Our students can, and will, tell stories in many, many ways. They will read stories in many, many ways. Sometimes they will read certain ways because that is how their brains work - which is neither, I need to tell you, neither better nor worse than the way yours works - and sometimes they will read certain ways because that is their preference, and thus their human right. And sometimes they will read certain ways because that is the way the author offers access to the story, and sometimes they will need help to convert media because the author's preferences and their needs do not match up - I understand - I have witnessed professors and teachers reading Shakespeare, and though this seems odd to me - the performances are routinely available via YouTube - I do not criticize them. Perhaps they can not hear well, or perhaps they cannot easily sit through a whole performance.

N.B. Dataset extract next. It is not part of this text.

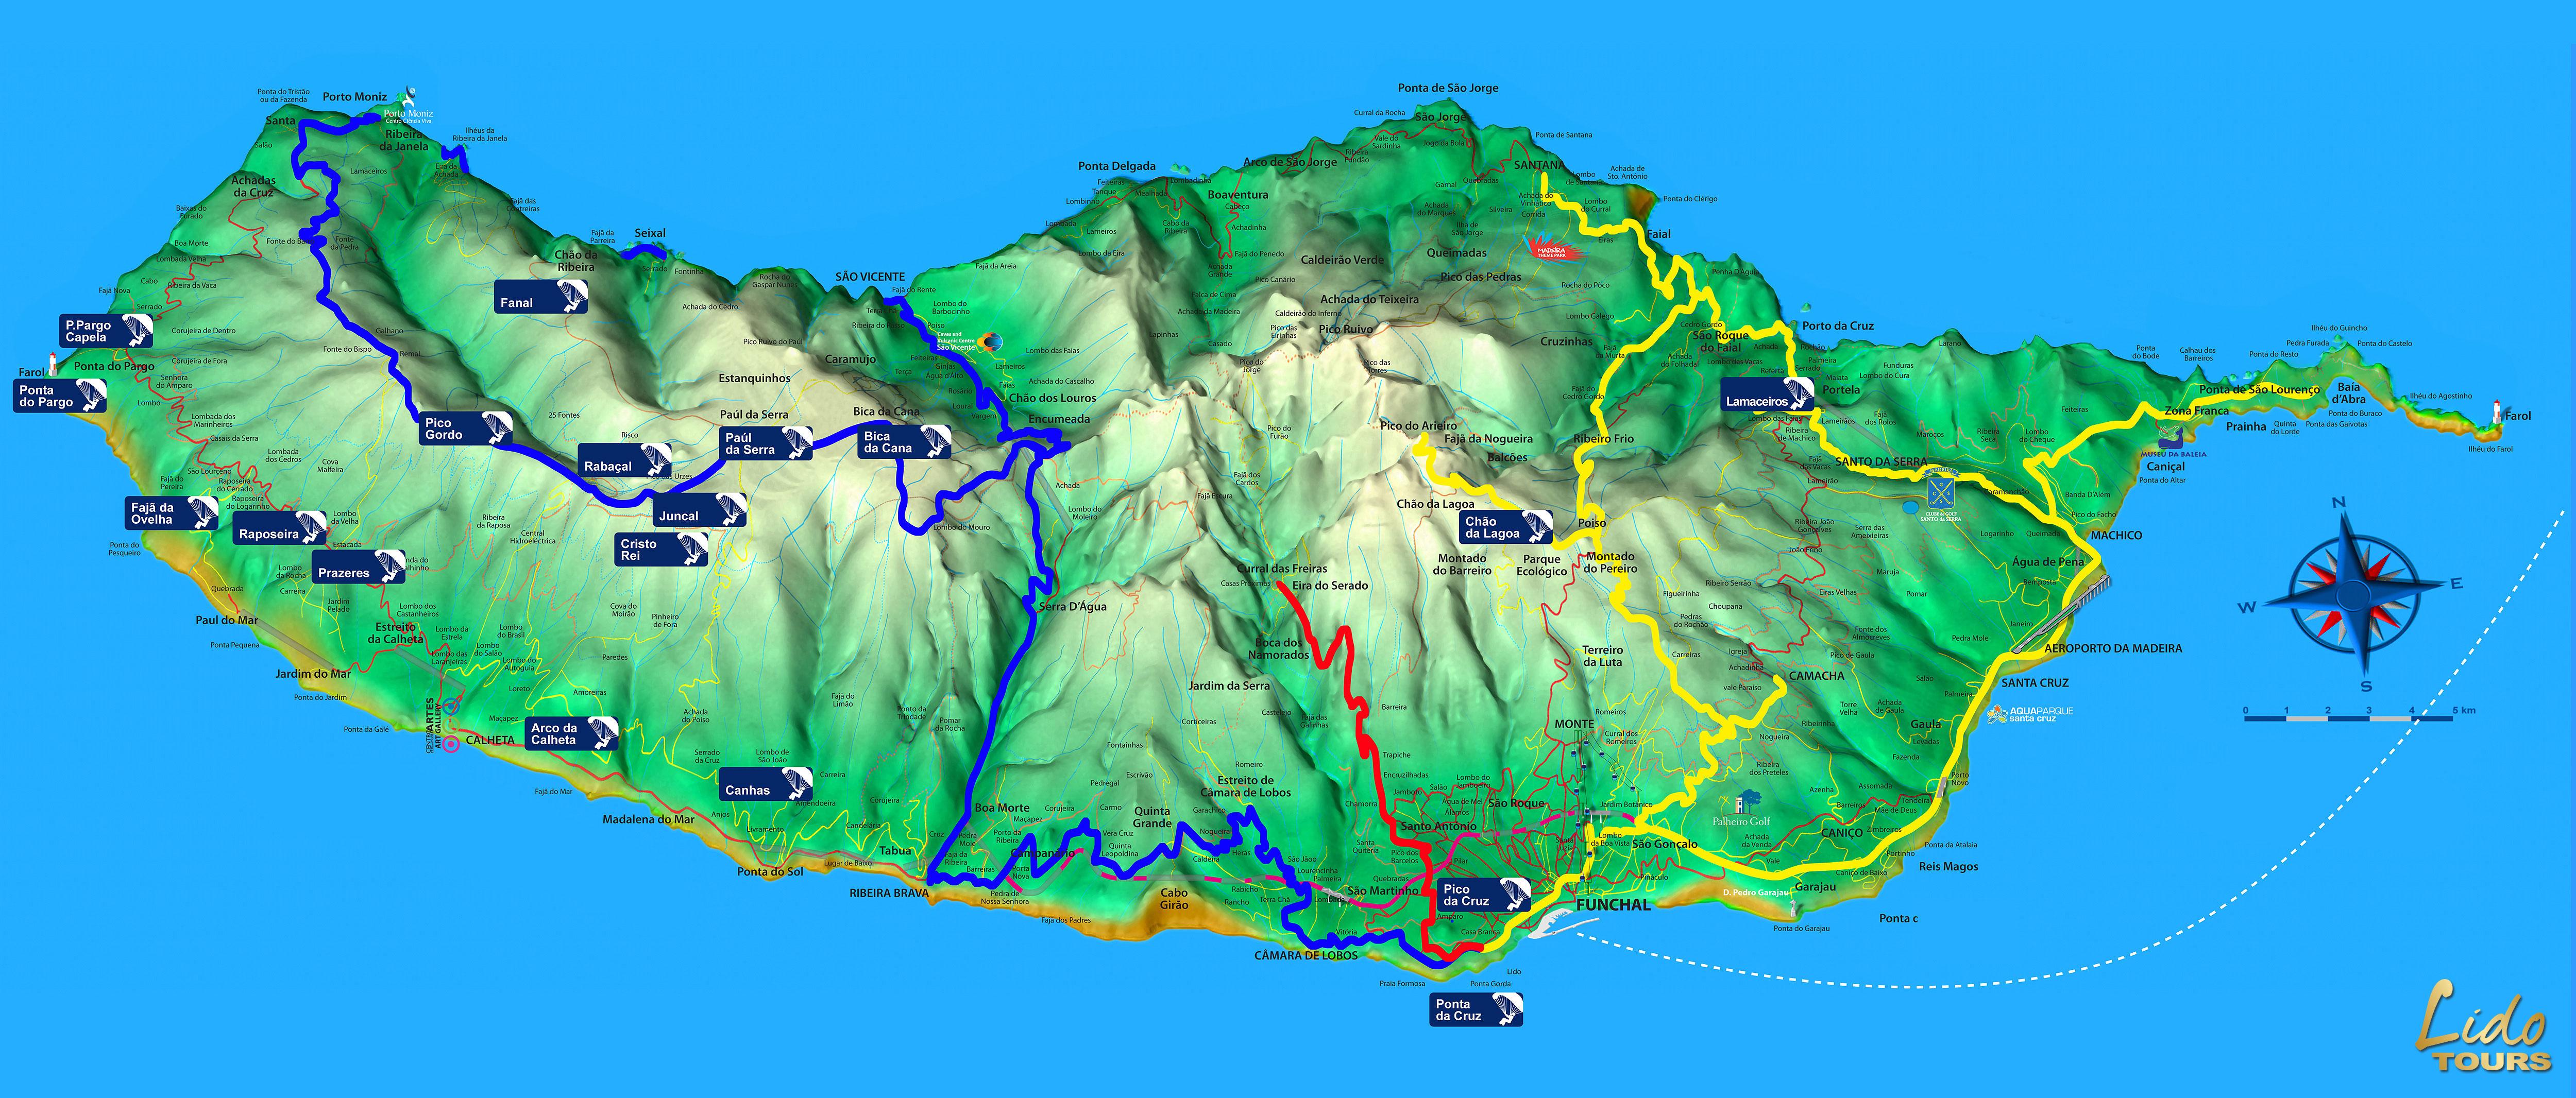 mapa das serras da madeira Madeira tours map and Funchal hotel map mapa das serras da madeira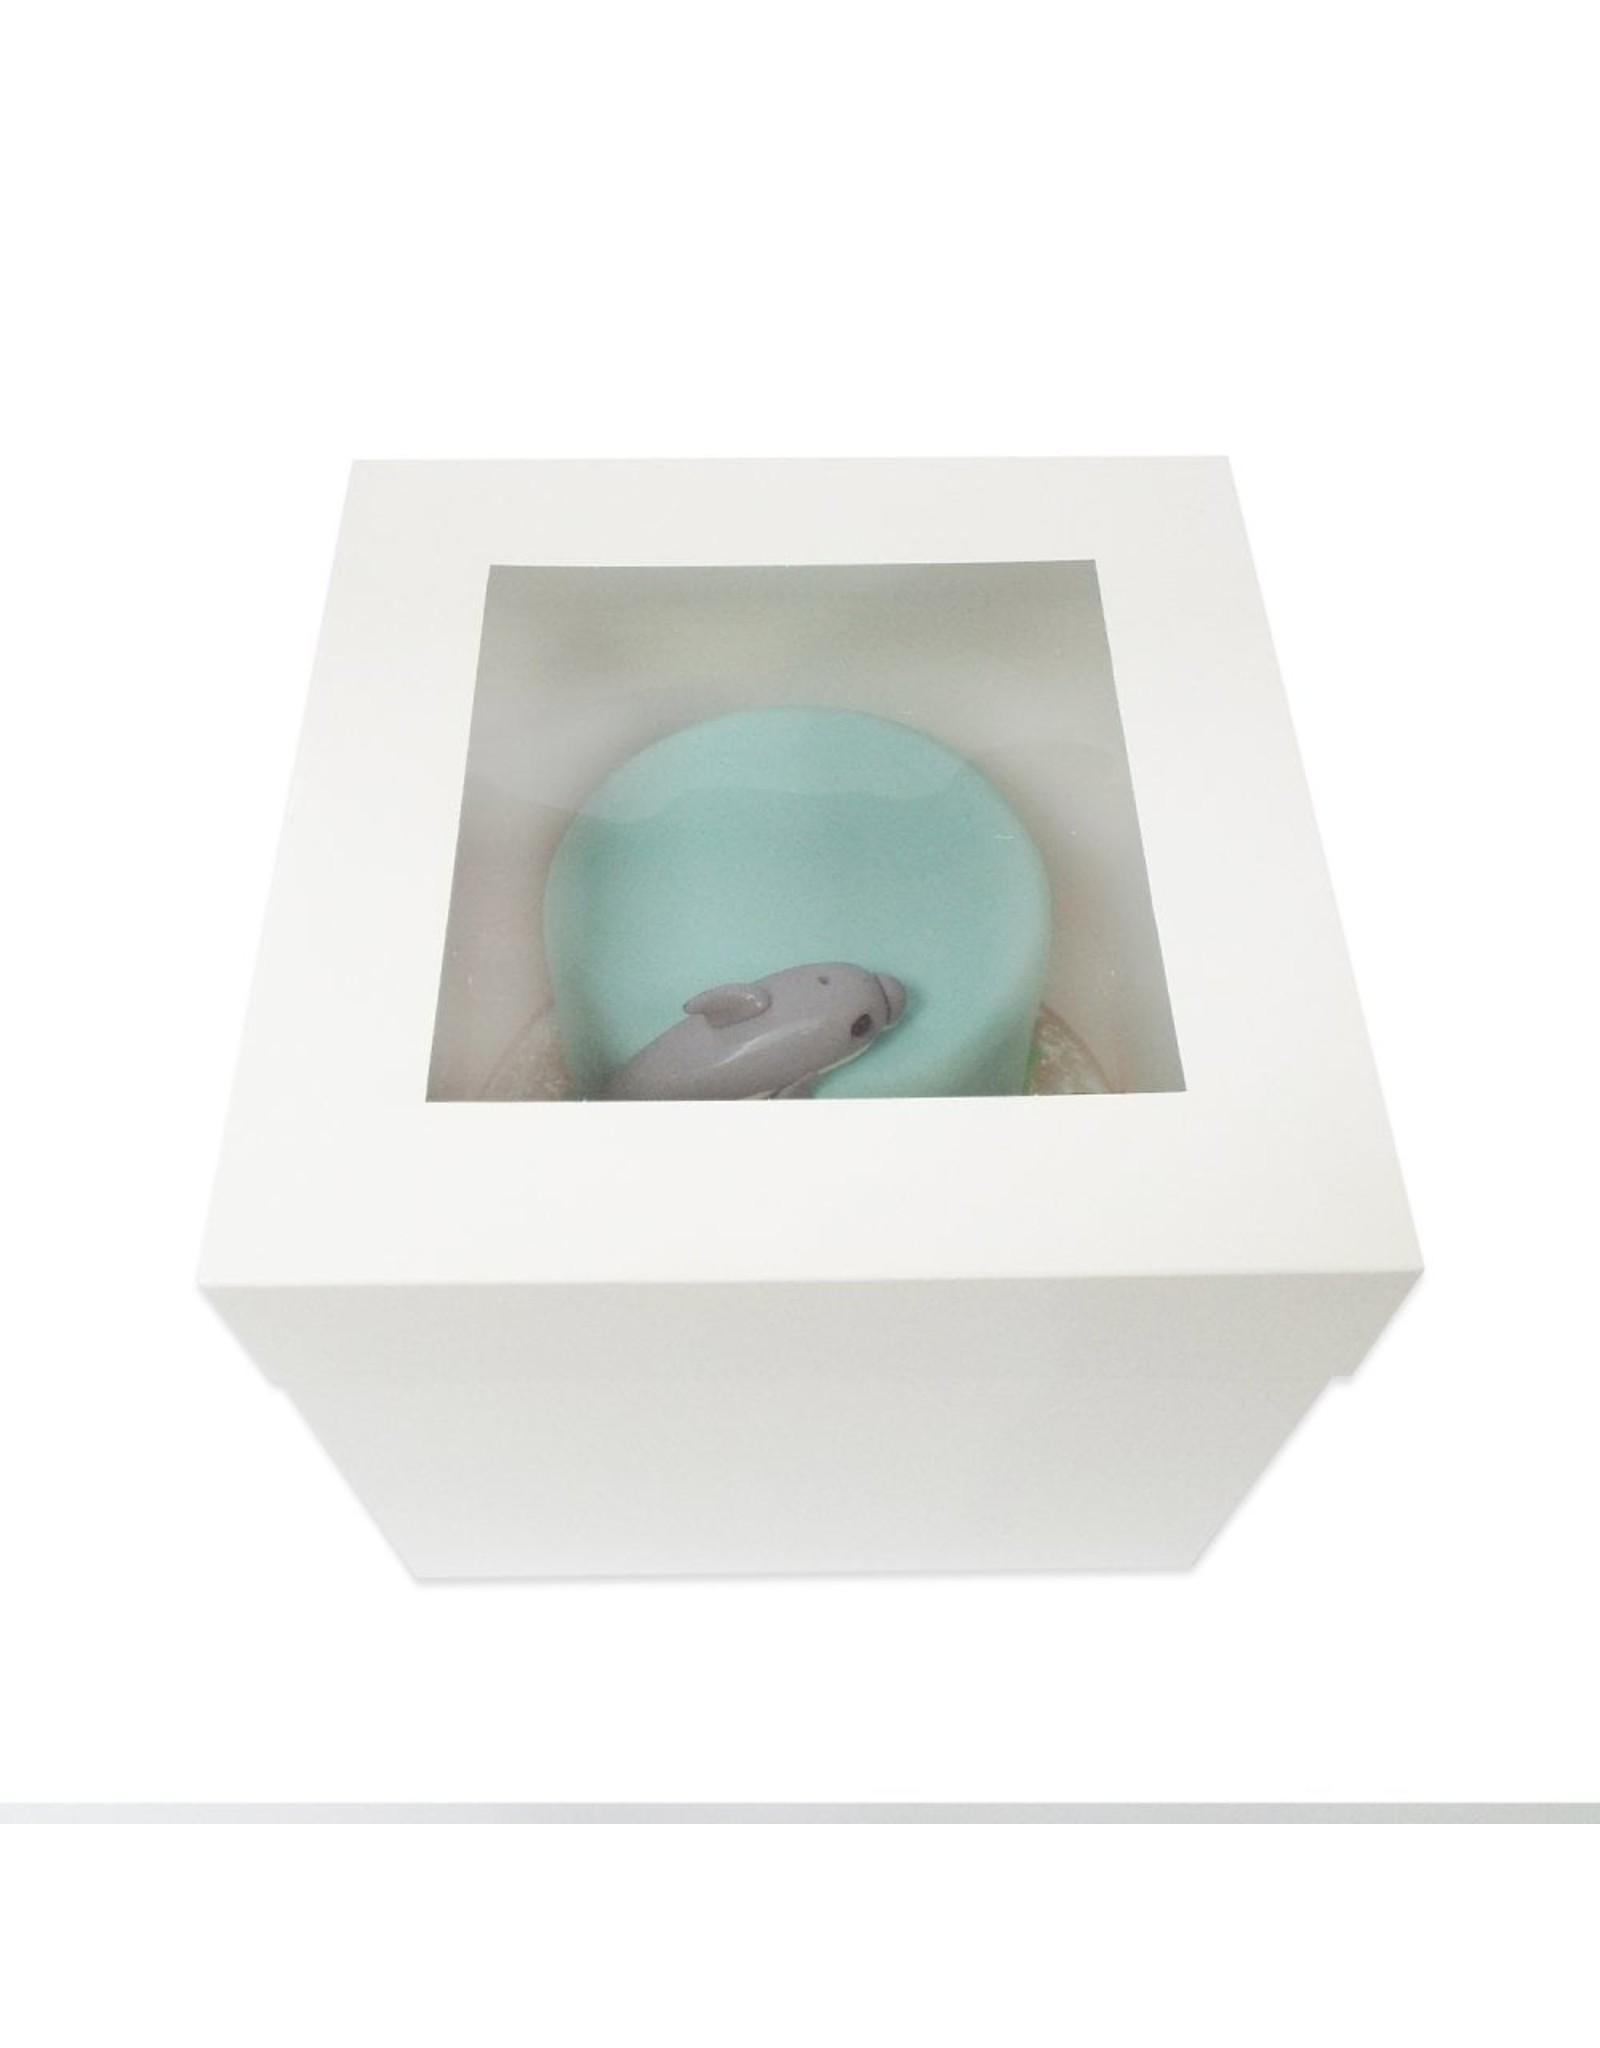 Hoge taartdoos met venster - 356 x 356 x 300 mm (per 50 stuks)

So give your students stories this year. And give them the freedom to tell stories. The medium may matter, but the medium is only the message if the message can effectively be received through the medium chosen. Otherwise, an unreceived story, is, well... not much at all.

- Ira Socol


Mary Ann Reilly said...

Ira, this resonated so much. I got delightfully lost along the way in the many stories you link to and isn't that a point as well. The narrowness of the Common Core with its one method of reading (close reading)echoes the points you make in the post--as if there was one way to read and children should endure learning that way for 13 very long years. Reducing reading to 'being a detective' is foolish at best.

There's little reference to multiple types of text in the CCS and there is the presumption that book can substitute rather easily and exclusively for text. There is also the deliberate reduction in 'fictional' text (I keep circling back to essays I read that include, in fact often rest on--'fictional [or narrative] techniques), and wonder if the CCS folk actually read/listen/view essay. They seem rather limited in their views.

And perhaps that is a point too. Imperialism rests on limiting people's faith and language. The English Penal laws in Ireland sought to both. How we name matters and limiting the means to do so is nothing less than criminal.

So yes, tell stories. Receive stories and do it in ways that make sense. The only hierarchy among those ways are the one's we apply. None are better than any other.

Dan McGuire said...

An A.P. telling me last year that students couldn't have laptops on their desks/tables during "reading time" was one of the big reasons I'm no longer working in just one classroom. It has personally worked out to be one of the best moves of my life. I'm finding that my intention to have a direction like that be delivered to as few teachers as possible in the future is actually quite widely shared in the world beyond that building and district.

My own kids got new iPad 2s as Christmas gifts (generous relatives) to accompany their Windows computers, Android smart phones, iPod touches, PSPs and Wii. They both still haul around way too many books in their backpacks and have way more print magazine subscriptions than I could imagine when I was selling GRIT subscriptions 50 years ago.